А Лекс ходил хмурый, стал дерганый и раздражался по любому поводу. Он не срывался на Коське, ни словом не обидел, но Коська стал замечать его тяжелый взгляд на себе. Он чувствовал, что что-то происходит, но Лекс уходил от ответов, заминая разговоры.
Коська терзался от самых разных предположений, на какие только хватало воображения, сходя с ума от звона проклятых колокольчиков.
Привычные прогулки после рабочего дня давно уже остались в прошлом, даже походы в магазин были сведены до обязанностей Лекса после работы. Вечера они проводили, играя в шахматы или обсуждая какие-нибудь профессиональные нюансы, обучая Коську практической стороне того, чему его учили в институте.
Все чаще Лекс засиживался в кабинете, работая допоздна и Коська, не выдерживая, срывался на улицу один. Бродил в одиночестве по дворам и Петровскому парку, с тоской провожая закаты по-осеннему прохладного солнца.
Собираясь в очередной раз в аэропорт, дождавшись, когда за ним приедет водитель, Лекс сухо, будто о чем-то неважном, таком незначительном, как покупка новой скатерти или чайника, бросил опешившему Коське:
- Провожать не надо, я лечу не один. Давай простимся здесь.
- Как не один? П-простимся? - настороженно, еще надеясь на злую иронию игры слов, вскинулся Коська.
Уже не колокольчики, а колокола били тревожным звоном, вливаясь в пульсацию крови, отдаваясь тяжелой болезненной вибрацией
- Да. В этот раз я уезжаю надолго, возможно на очень долго. Возникли проблемы, требующие моего постоянного присутствия. И... Кось, я хочу проститься...
- Нет! Что за бред, Лекс? Я буду ждать тебя!
- Кось...
- Нет-нет-нет! Поезжай, и обязательно отзвонись, как приземлишься, а потом мы созвонимся по скайпу и обо всем поговорим!
- Константин! Не будет больше звонков. Никаких, ни по телефону, ни по скайпу. Я прощаюсь с тобой, Кось, поговорим, когда вернусь.
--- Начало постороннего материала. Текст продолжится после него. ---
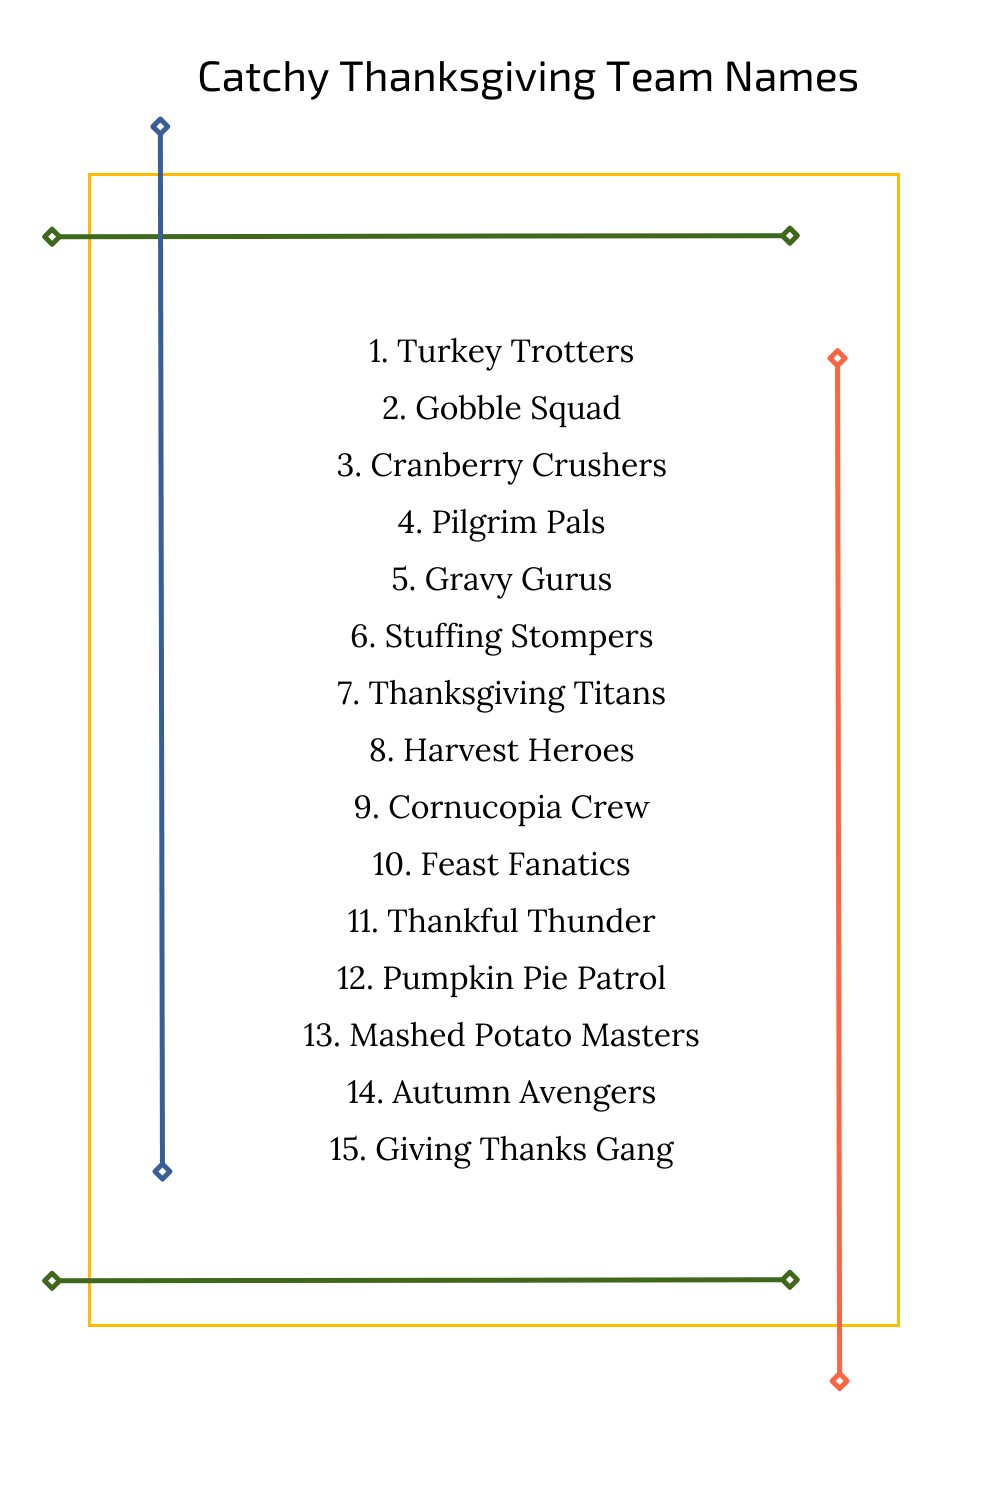 Catchy Thanksgiving Team Names

На столе визитка человека, к которому можешь обратиться, если возникнут проблемы и банковская карточка на твое имя, если не будешь шиковать, хватит надолго, - Лекс, пресекая попытки возражать, притянул к себе, на несколько мгновений прижался к Коськиным губам и, отодрав вцепившиеся в одежду пальцы, попросил: - Я, кажется, забыл на кухне мобильник на подзарядке. Принеси, котенок.
Коська, как в тумане, послушно отправился на кухню, на столе действительно лежал Васильевский смартфон. Отключив зарядку от электросети он, схватив его, вернулся обратно. Но в прихожей было пусто. Лекс ушел.
Дрожащими, непослушными руками, Коська открыл дверь и метнулся наружу. Лифт был внизу, не желая тратить время, рванул бегом вниз по лестнице. Теряя в прыжках через ступени домашние тапочки, он босой выскочил из подъезда, кинувшись вперед по мокрому асфальту, чтобы под едкое пиликанье домофона увидеть выезжающий со двора на дорогу джип.
А с потревоженных осенним ветром лип, сыпались золотые сердца, падая под промокшие в луже Коськины ноги. Он, ничего не замечая, ступал по умирающим осенним сердцам, возвращаясь в темное нутро подъезда.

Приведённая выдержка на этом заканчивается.